I was melancholy yesterday.  But perhaps I am simply melancholy by nature.  I was thinking about my unfinished manuscript and how I haven’t devoted much time to it since last summer when I was a professor and I had three months off with pay.  There’s a common misconception that teachers have it easy because they get summers off, but teaching (especially when you’re a conscientious teacher who pushes your students) can be incredibly draining.  I spent the first three weeks of my summer vacation recuperating from two semesters of 16-20 hour work days.  Yep! That was my average schedule.  Every once in a while, I had two days where I only had to grade for seven hours (i.e., one classs essays), but from Monday to Thursday, I worked 16-20 hours a day.  Needless to say, I didn’t have any writing time during the fall and spring semesters. During Thanksgiving break, winter break and spring break, I was always grading.

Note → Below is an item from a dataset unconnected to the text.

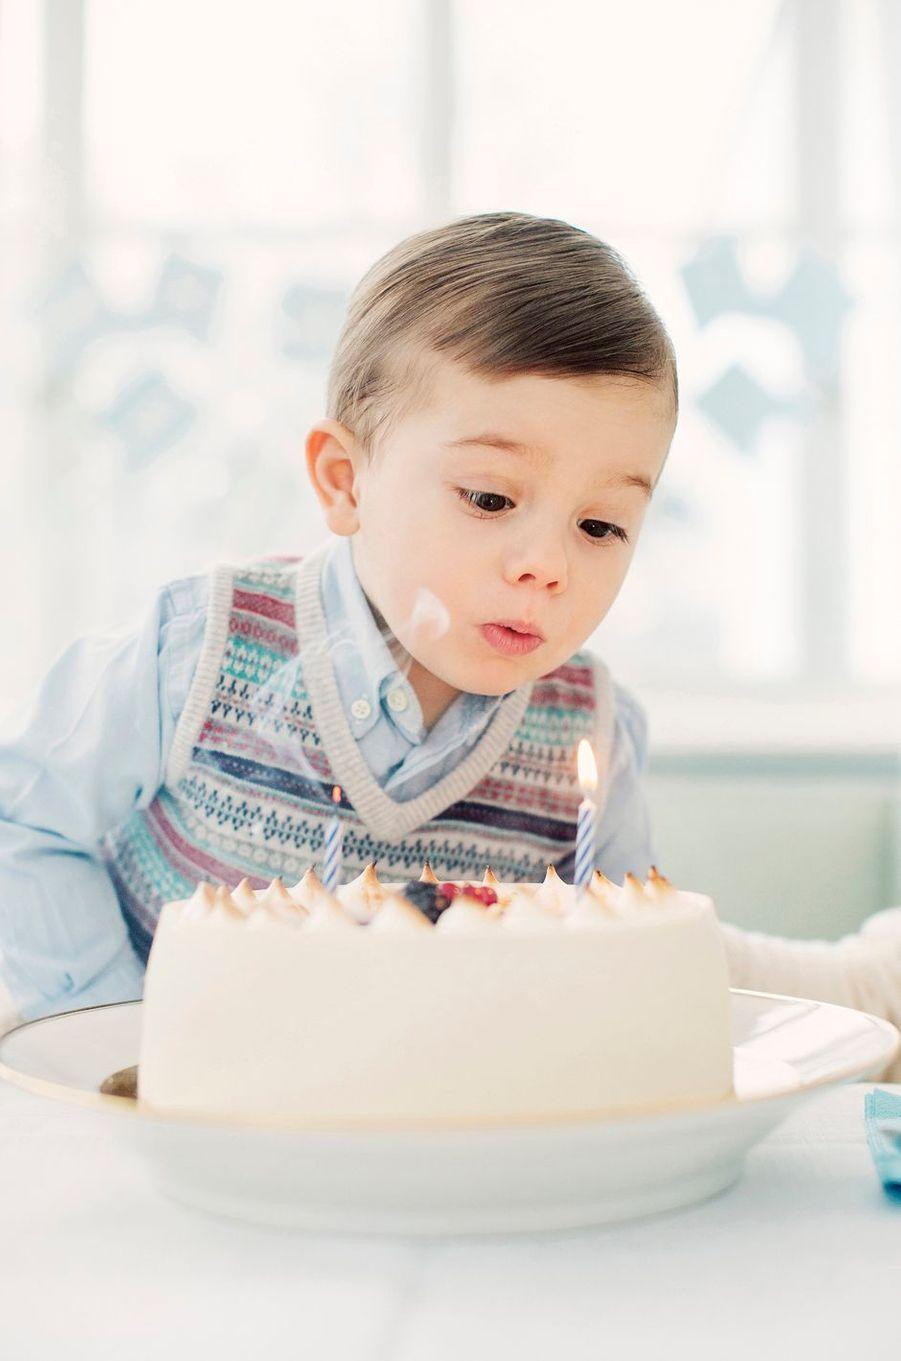 Le prince Oscar de Suède souffle ses bougies. Photo diffusée pour ses 2 ans, le 2 mars 2018

This was one of the main factors in my decision to quit my job as a professor.

One of my favorite memories of being a professor is this: I was sitting in my office one Saturday afternoon trying to decide which poems I would assign to my creative writing class.  I chose two: Audre Lorde’s “Woman” and Pablo Neruda’s “The Hurt.”

These lines seized my heart:
1)      …your night comes down upon me/like a nurturing rain (Lorde); and
2)      I have hurt you, my dear/I have torn your soul (Neruda).

These lines confirmed what I have known for a long time.  Writing is my lover.  When I open myself to him, he is nurturing.  He is attentive and selflessly giving.  When I close myself to him, when I don’t give him the attention he requires, he gnaws at me and tears my soul apart.

So I give him whatever he wants, whatever he needs.  I don’t care what people say.  I don’t care if they think I’m crazy for leaving a secure job where I was respected.  I ignore the judging look on their faces when they ask if I want children and I say, No, I want books.  I dont give a shit if people think I need to “settle down” and “stop dreaming about being a writer.”  I need my lover, and I will do whatever it takes to keep him.